▸ **Problem details**: Print the whole listing again exactly as it stands, leaving out any images.
*** Opening Provided data ***
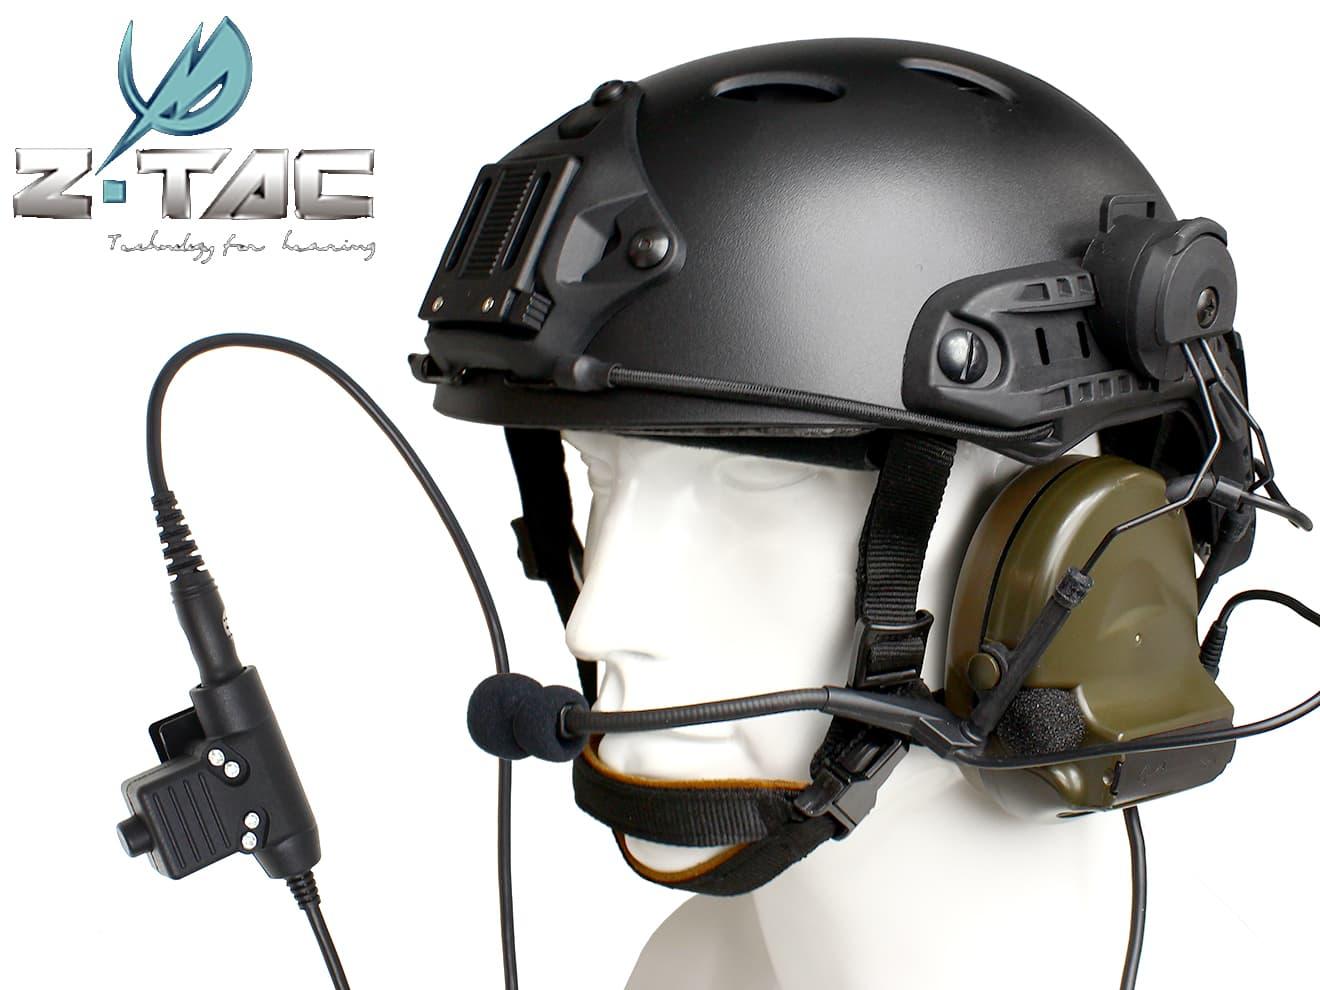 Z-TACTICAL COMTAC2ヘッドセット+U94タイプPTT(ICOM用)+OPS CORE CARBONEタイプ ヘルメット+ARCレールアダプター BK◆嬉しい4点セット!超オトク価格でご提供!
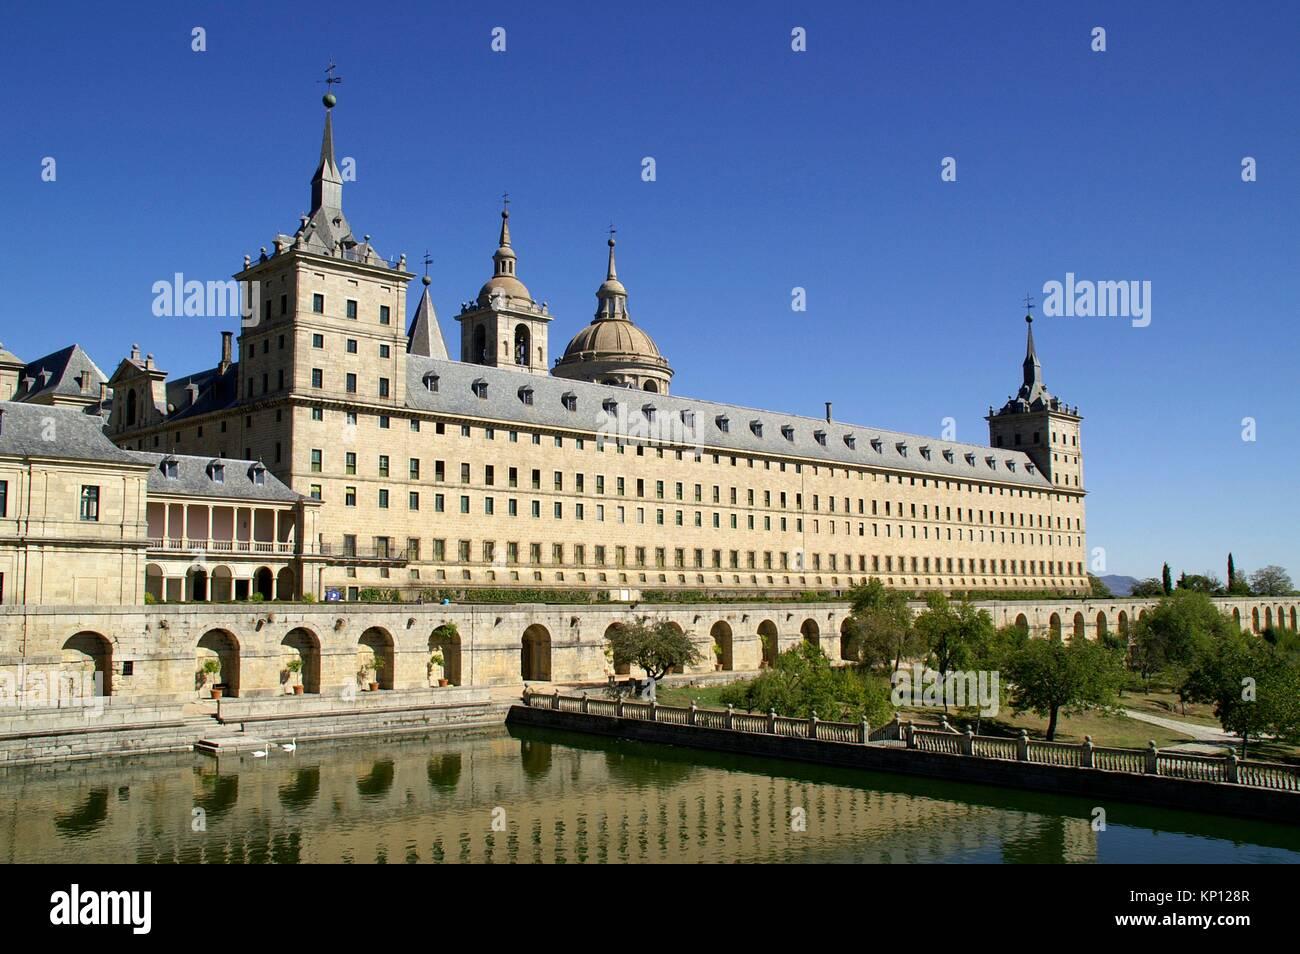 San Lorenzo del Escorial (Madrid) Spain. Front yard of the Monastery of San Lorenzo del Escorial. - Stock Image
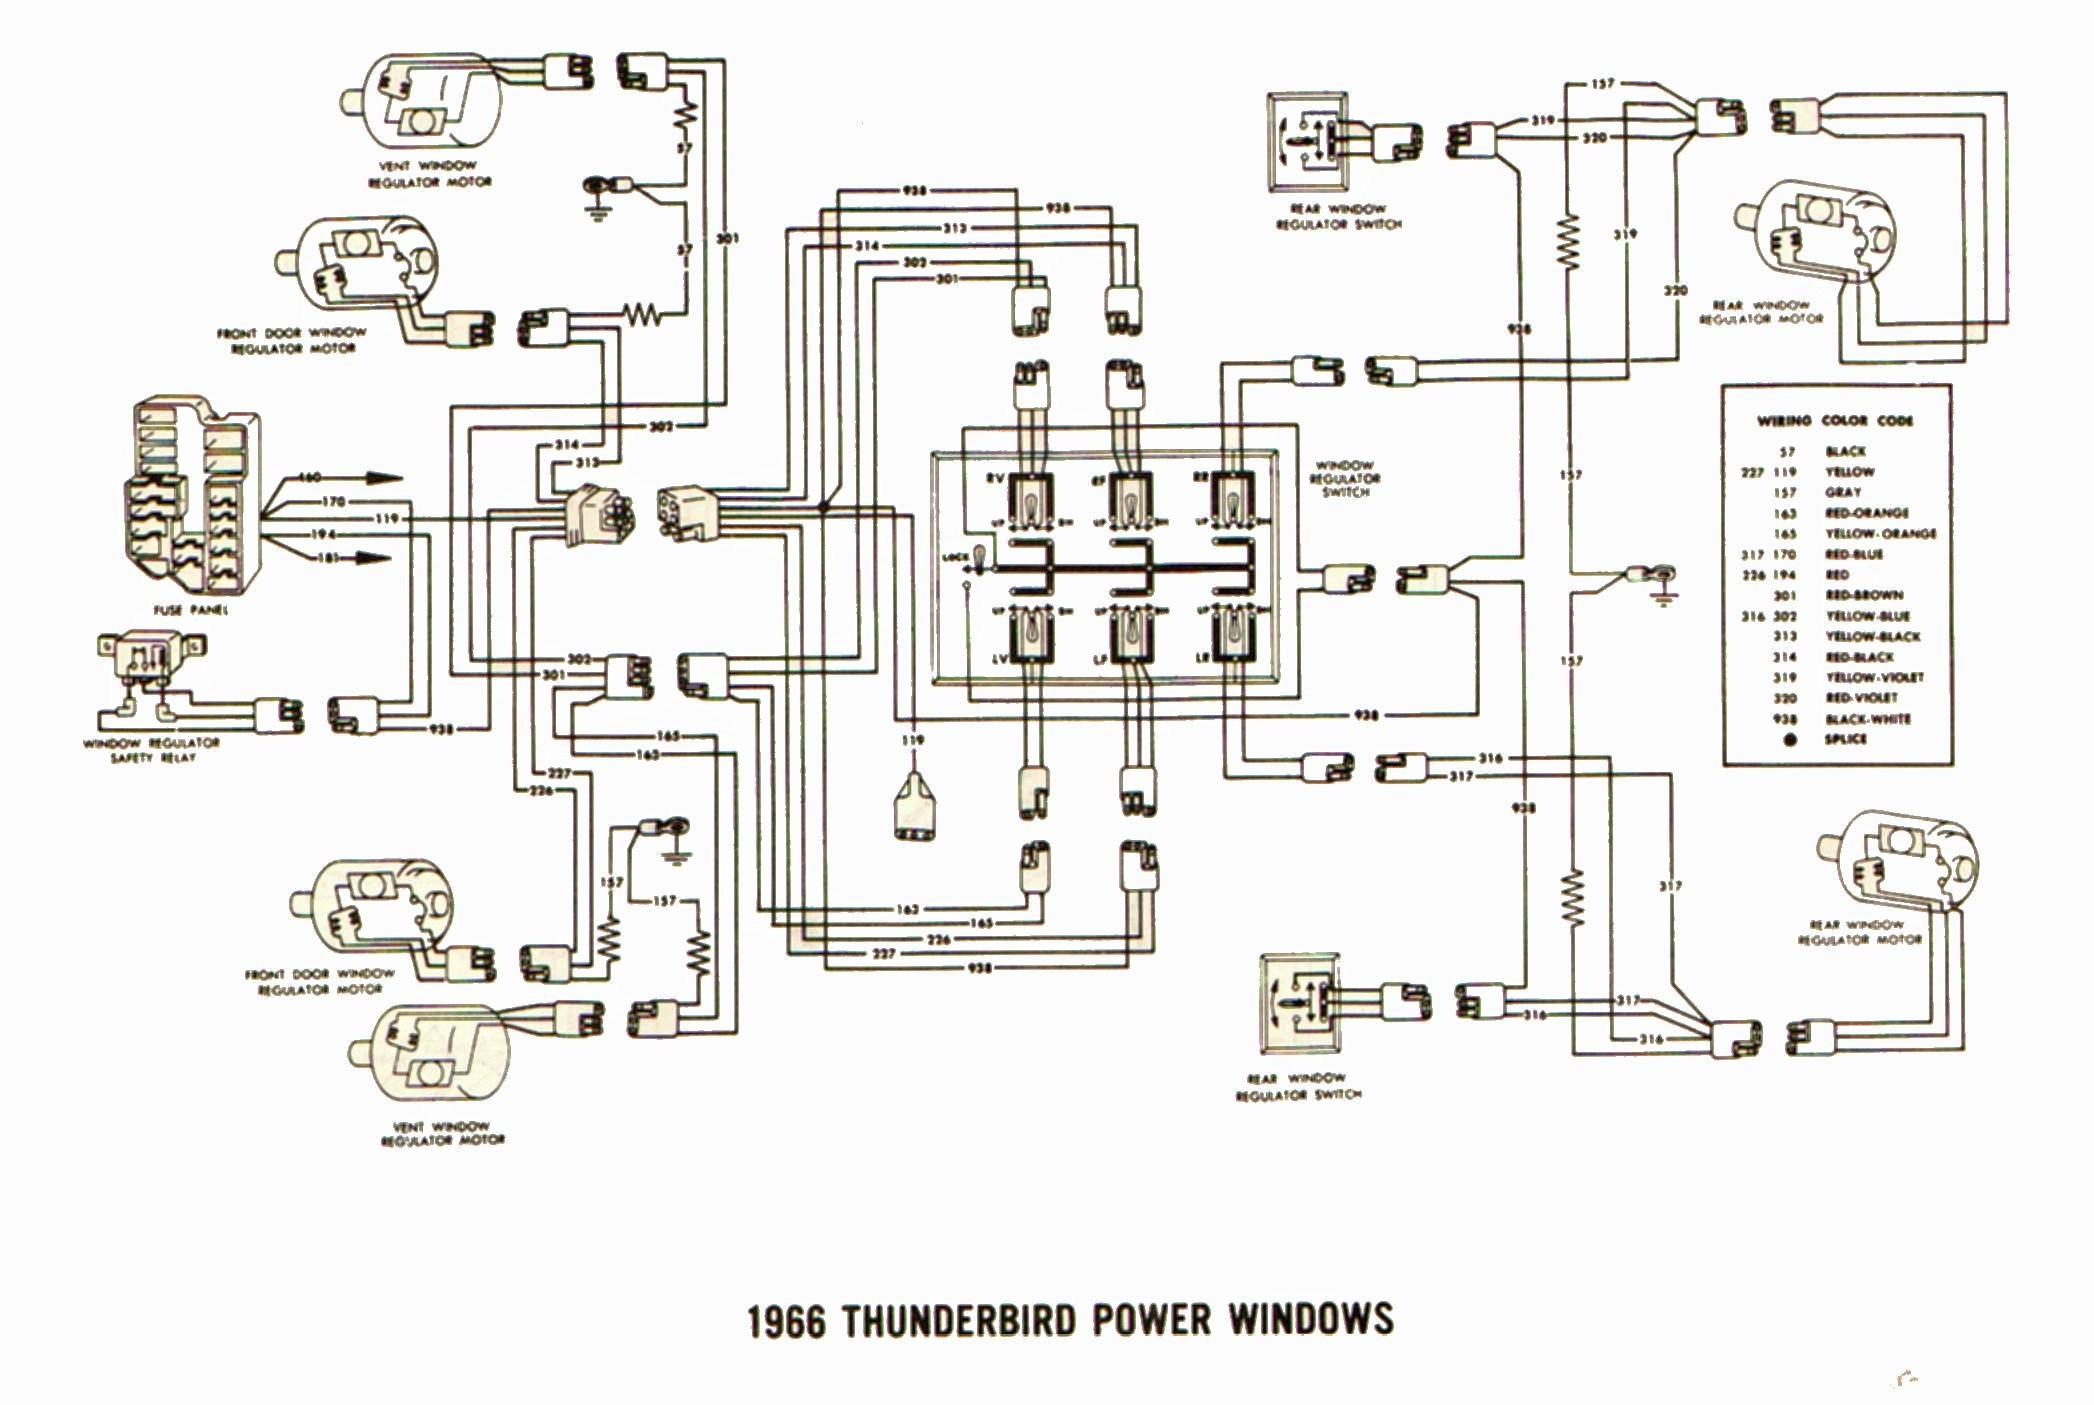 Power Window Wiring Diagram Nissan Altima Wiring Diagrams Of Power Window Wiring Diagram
*** Closing Provided data ***
▸ **Answer section**:
 Z-TACTICAL COMTAC2ヘッドセット+U94タイプPTT(ICOM用)+OPS CORE CARBONEタイプ ヘルメット+ARCレールアダプター BK◆嬉しい4点セット!超オトク価格でご提供!
 San Lorenzo del Escorial (Madrid) Spain. Front yard of the Monastery of San Lorenzo del Escorial. - Stock Image
 Power Window Wiring Diagram Nissan Altima Wiring Diagrams Of Power Window Wiring Diagram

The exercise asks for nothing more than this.